_Task to complete:_
Would you repeat the listing below exactly, with no pictures in it?

_Dataset extract:_
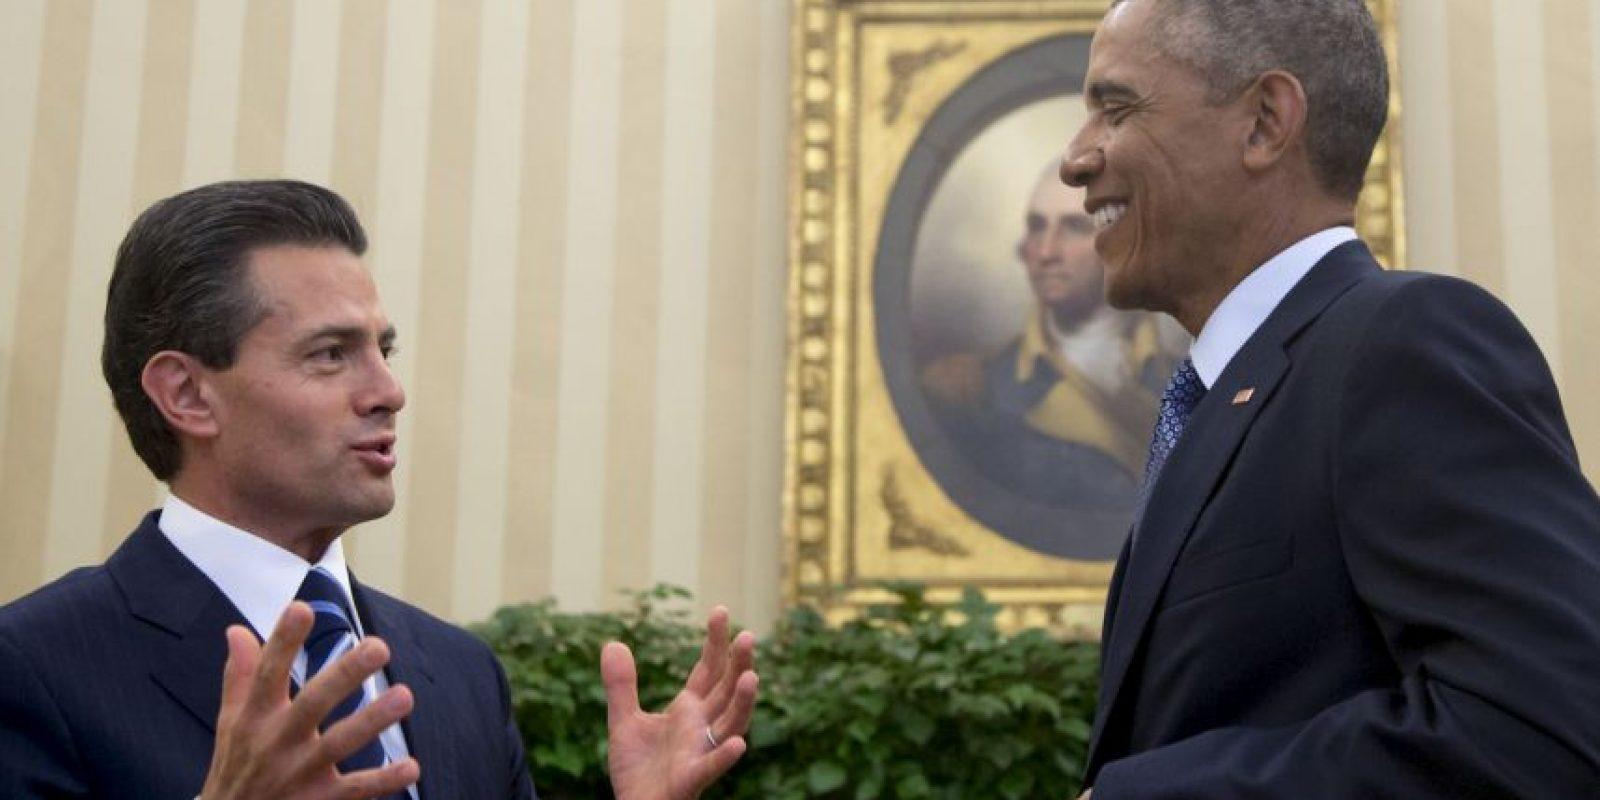 Esta es la primera visita de Peña Nieto a la Casa Blanca como presidente de México. Foto:AP
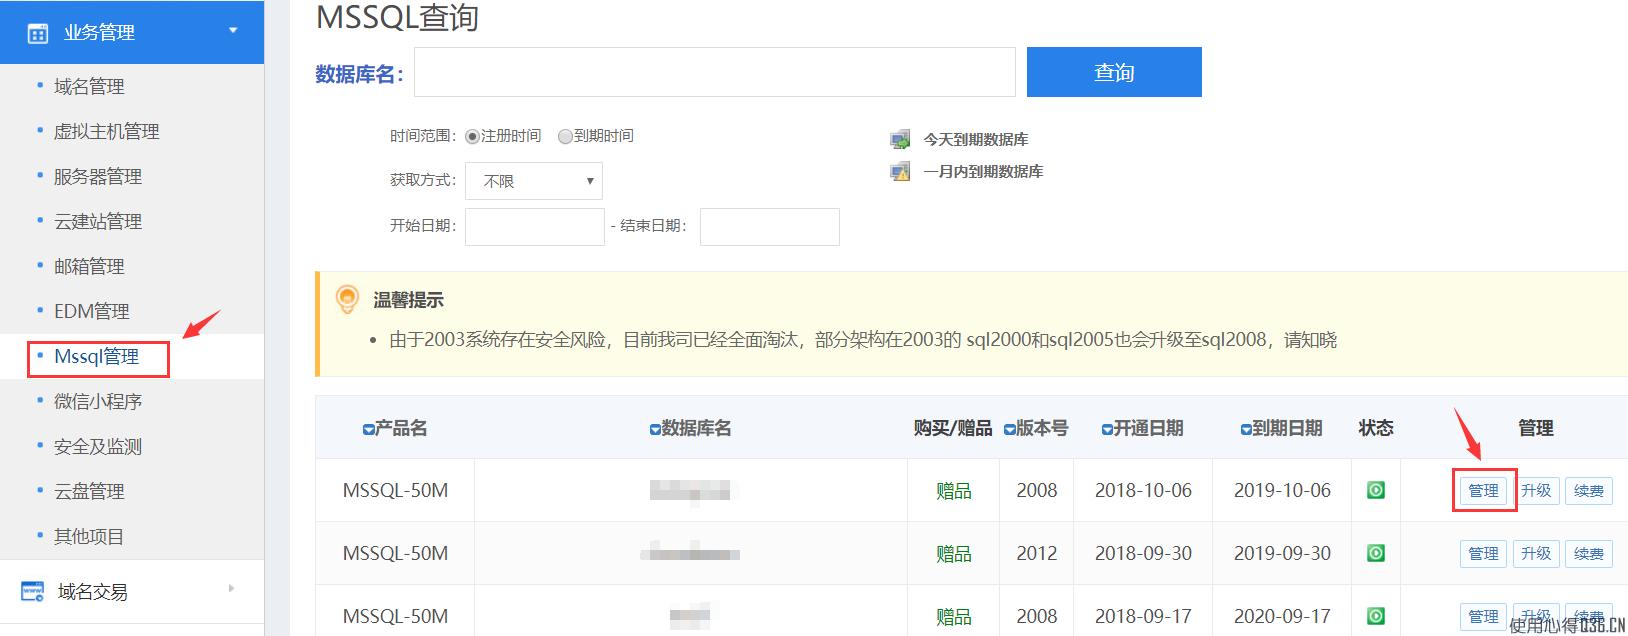 虚拟主机导入恢复mssql数据库(适用虚拟主机赠送、单独购买数据库)
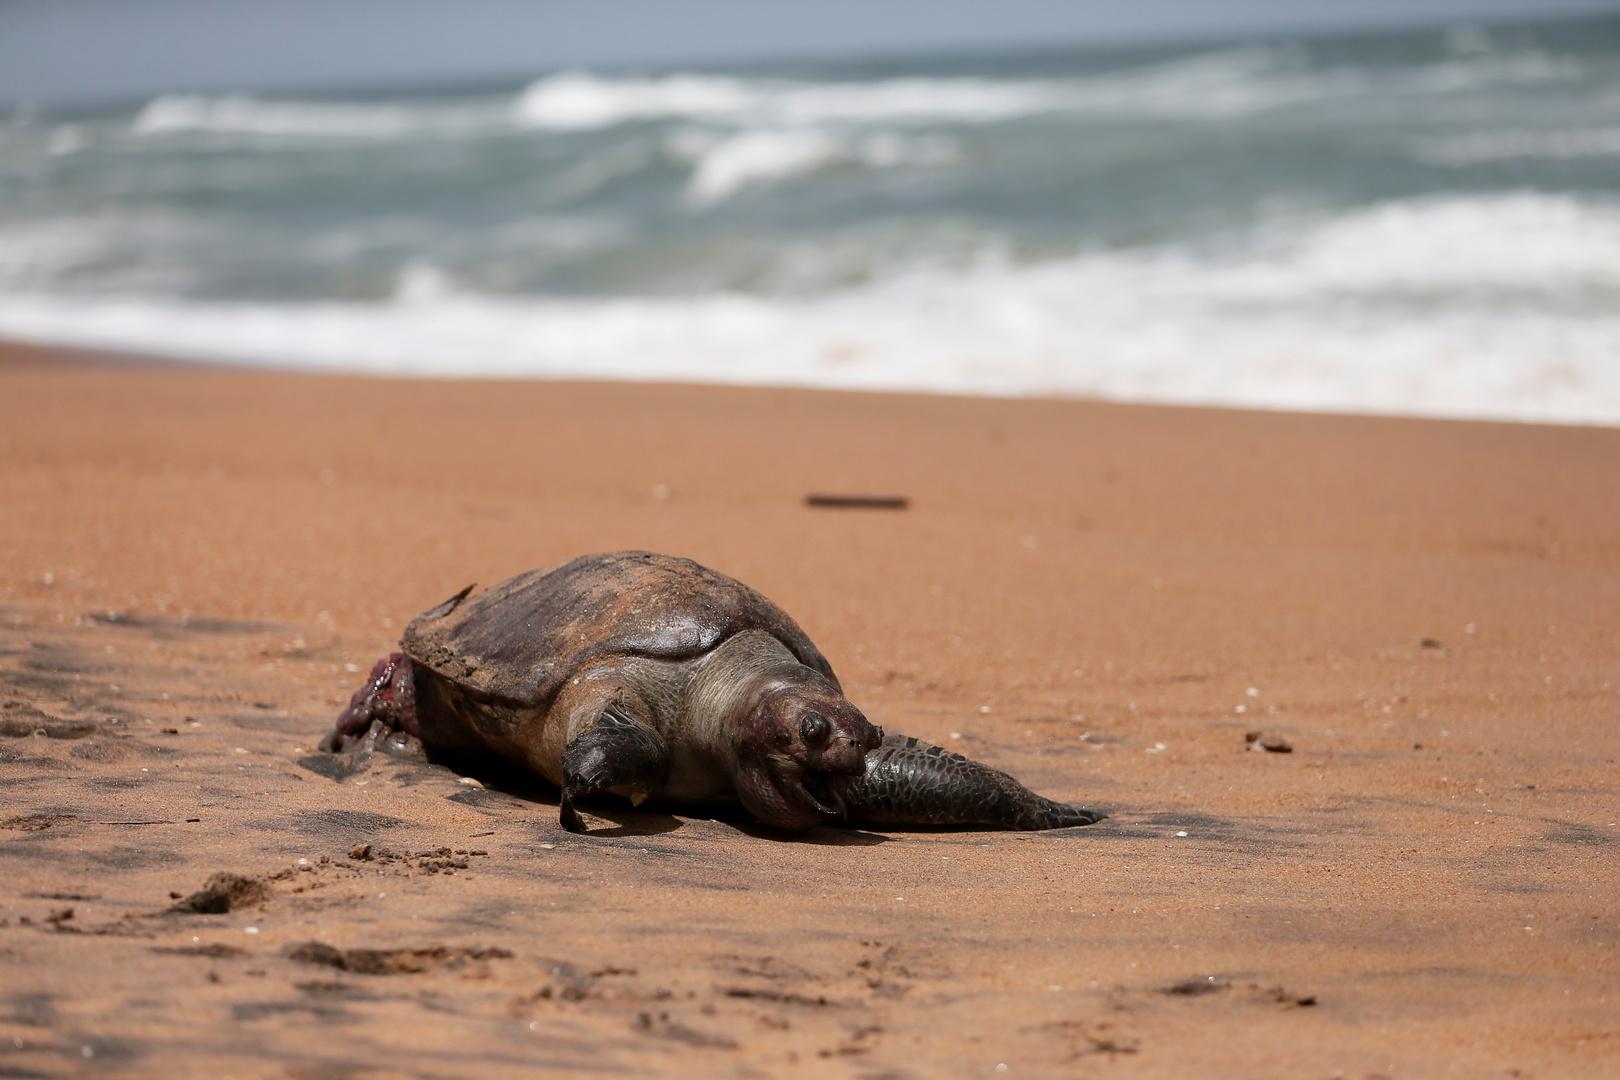 انجراف نحو 200 سلحفاة ودلفين نافقة إلى ساحل سريلانكا بعد غرق سفينة شحن

_Written response:_
 Esta es la primera visita de Peña Nieto a la Casa Blanca como presidente de México. Foto:AP
 虚拟主机导入恢复mssql数据库(适用虚拟主机赠送、单独购买数据库)
 انجراف نحو 200 سلحفاة ودلفين نافقة إلى ساحل سريلانكا بعد غرق سفينة شحن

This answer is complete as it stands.